Work instructions
What follows is a listing to transcribe exactly, leaving the pictures out.

Data provided
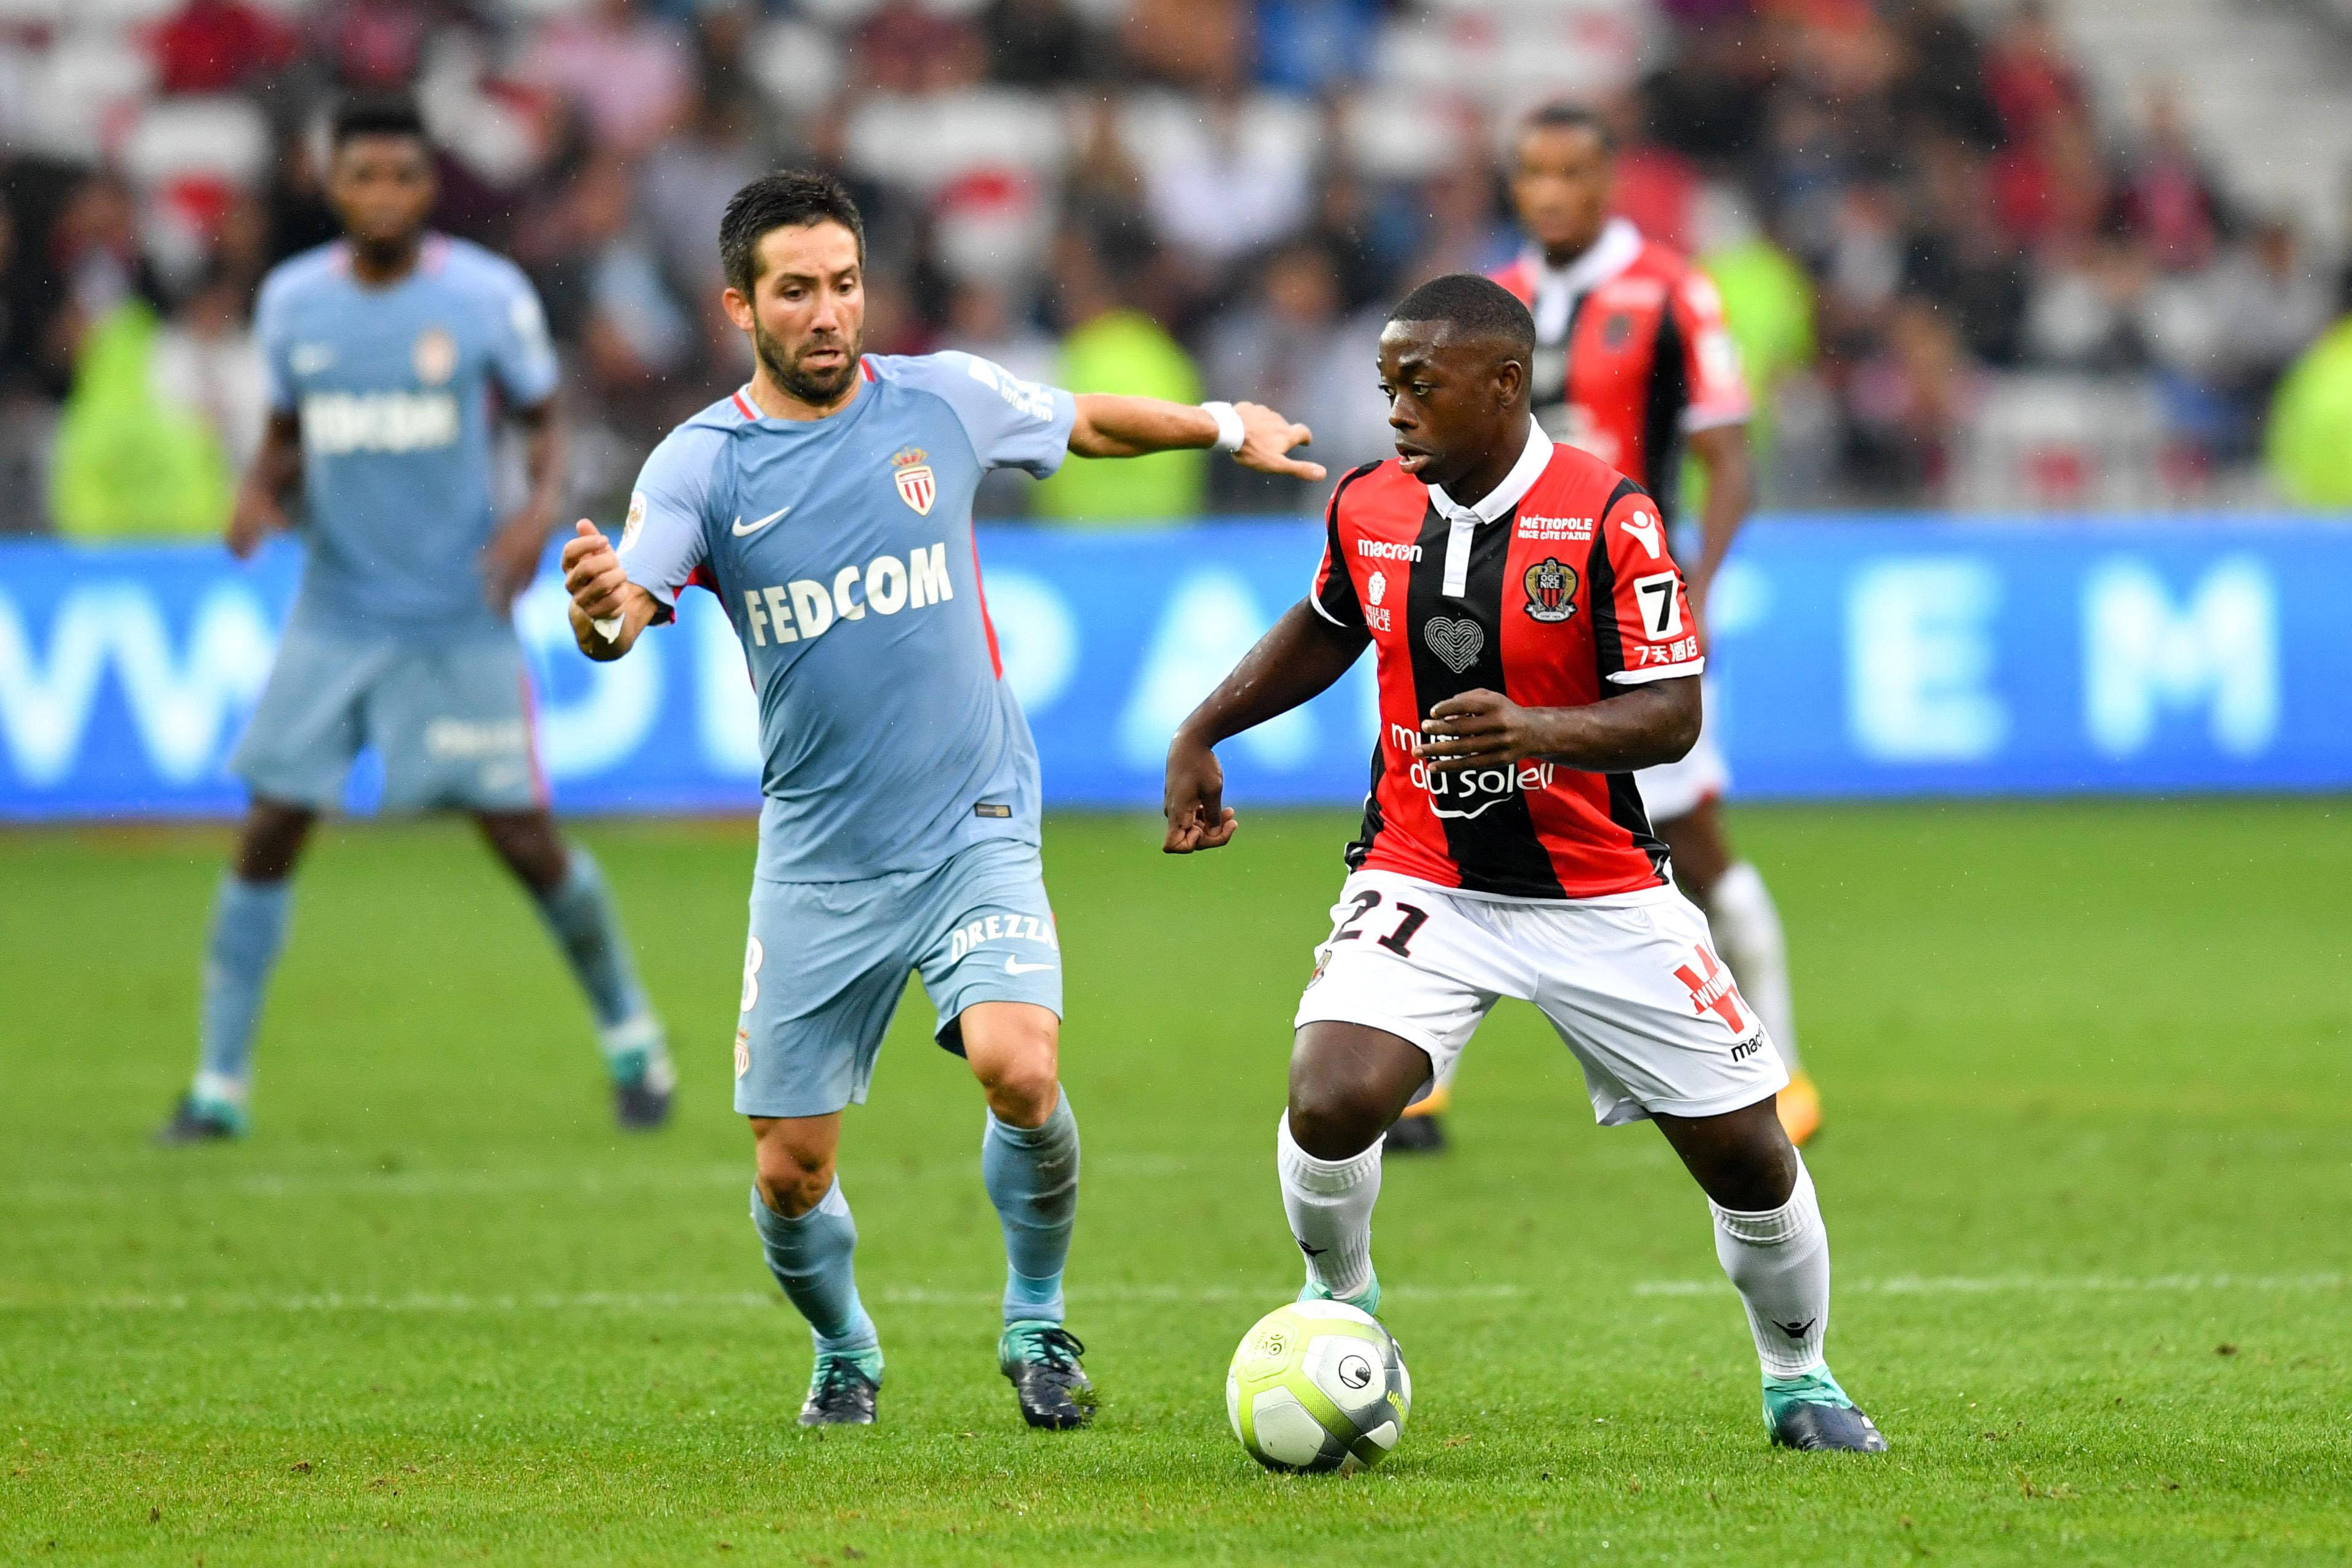 Amiens psg et nice monaco en quarts de finale de la coupe de la ligue coupe de la ligue football - Football coupe de la ligue direct ...
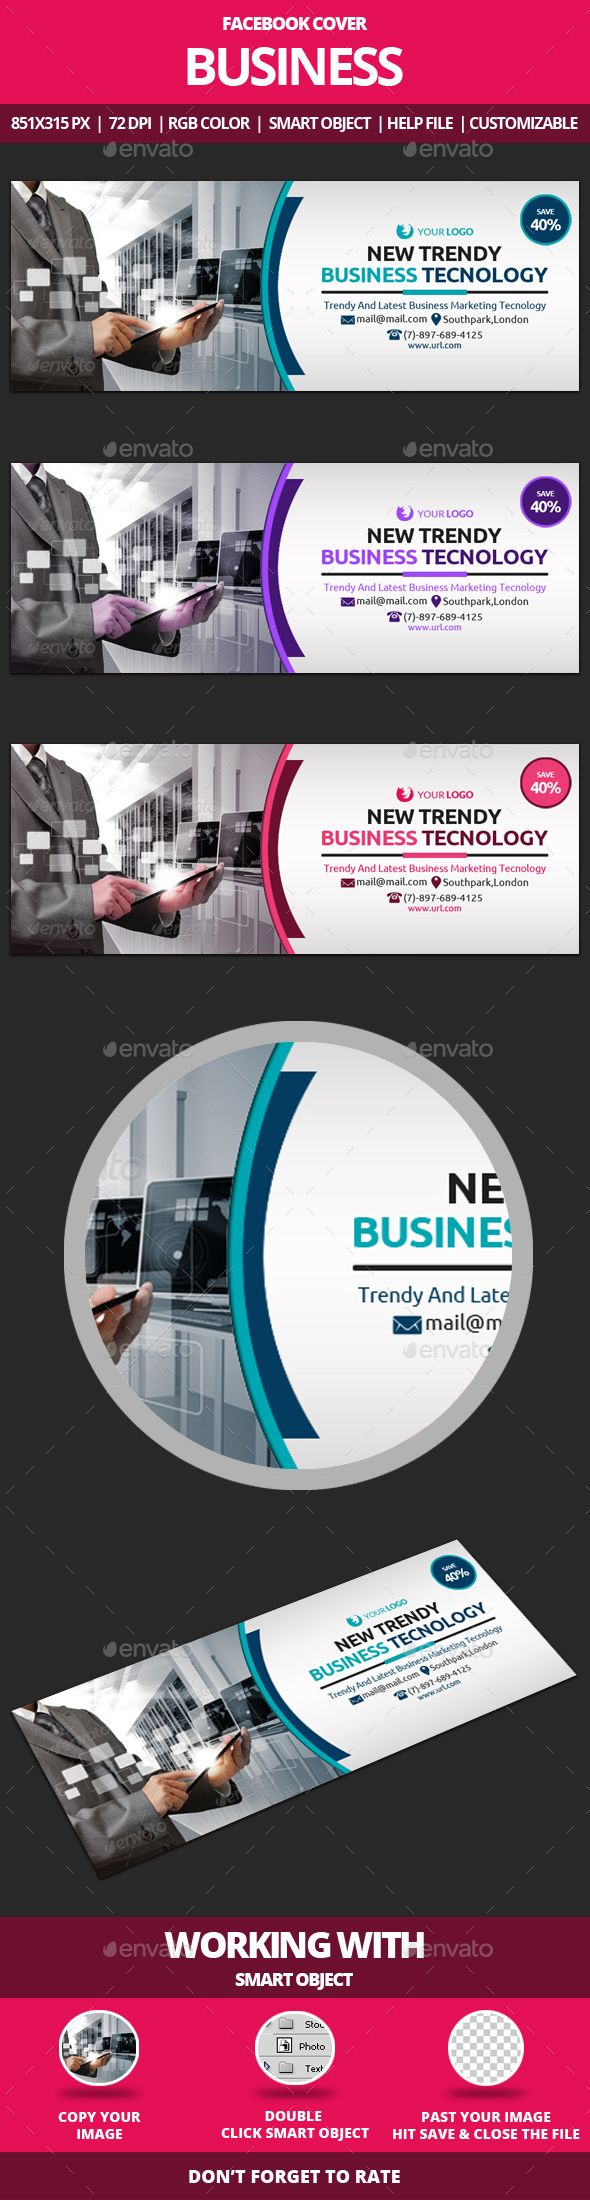 Business Facebook Cover Template PSD #design Download: http://graphicriver.net/item/business-facebook-cover/13918004?ref=ksioks
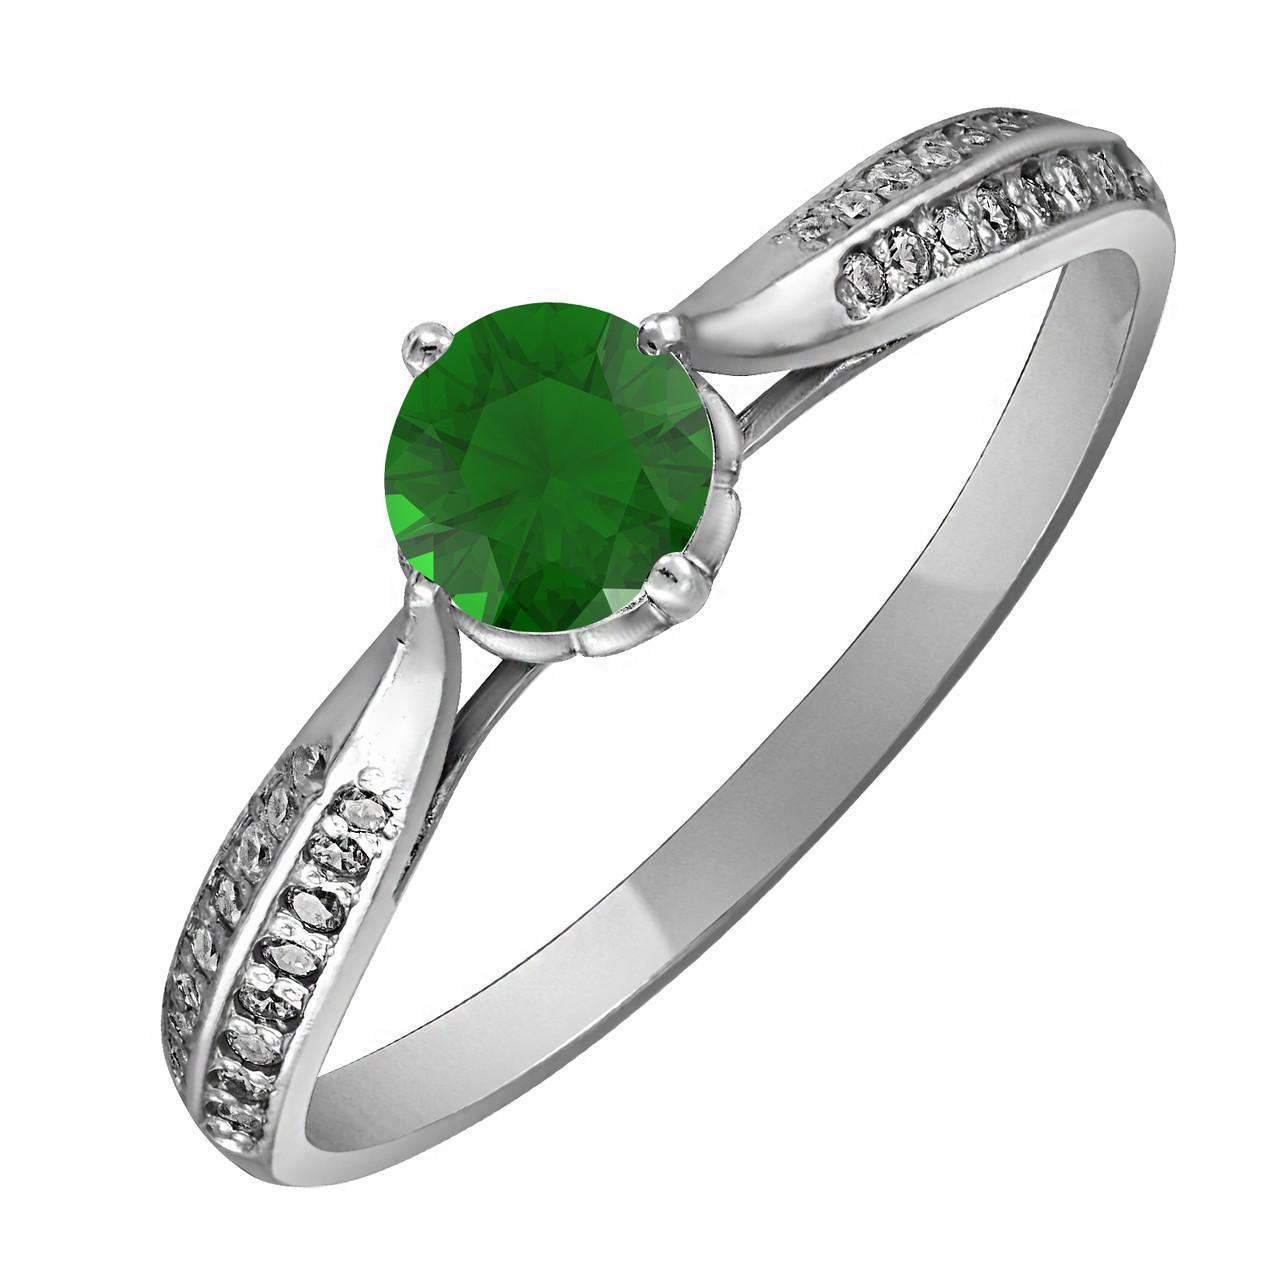 Кольцо из серебра с зелёным кубическим цирконием Twiddle Jewelry 18.5 размер (К007з-18.5)

Exercise solution
 Amiens psg et nice monaco en quarts de finale de la coupe de la ligue coupe de la ligue football - Football coupe de la ligue direct ...
 Business Facebook Cover Template PSD #design Download: http://graphicriver.net/item/business-facebook-cover/13918004?ref=ksioks
 Кольцо из серебра с зелёным кубическим цирконием Twiddle Jewelry 18.5 размер (К007з-18.5)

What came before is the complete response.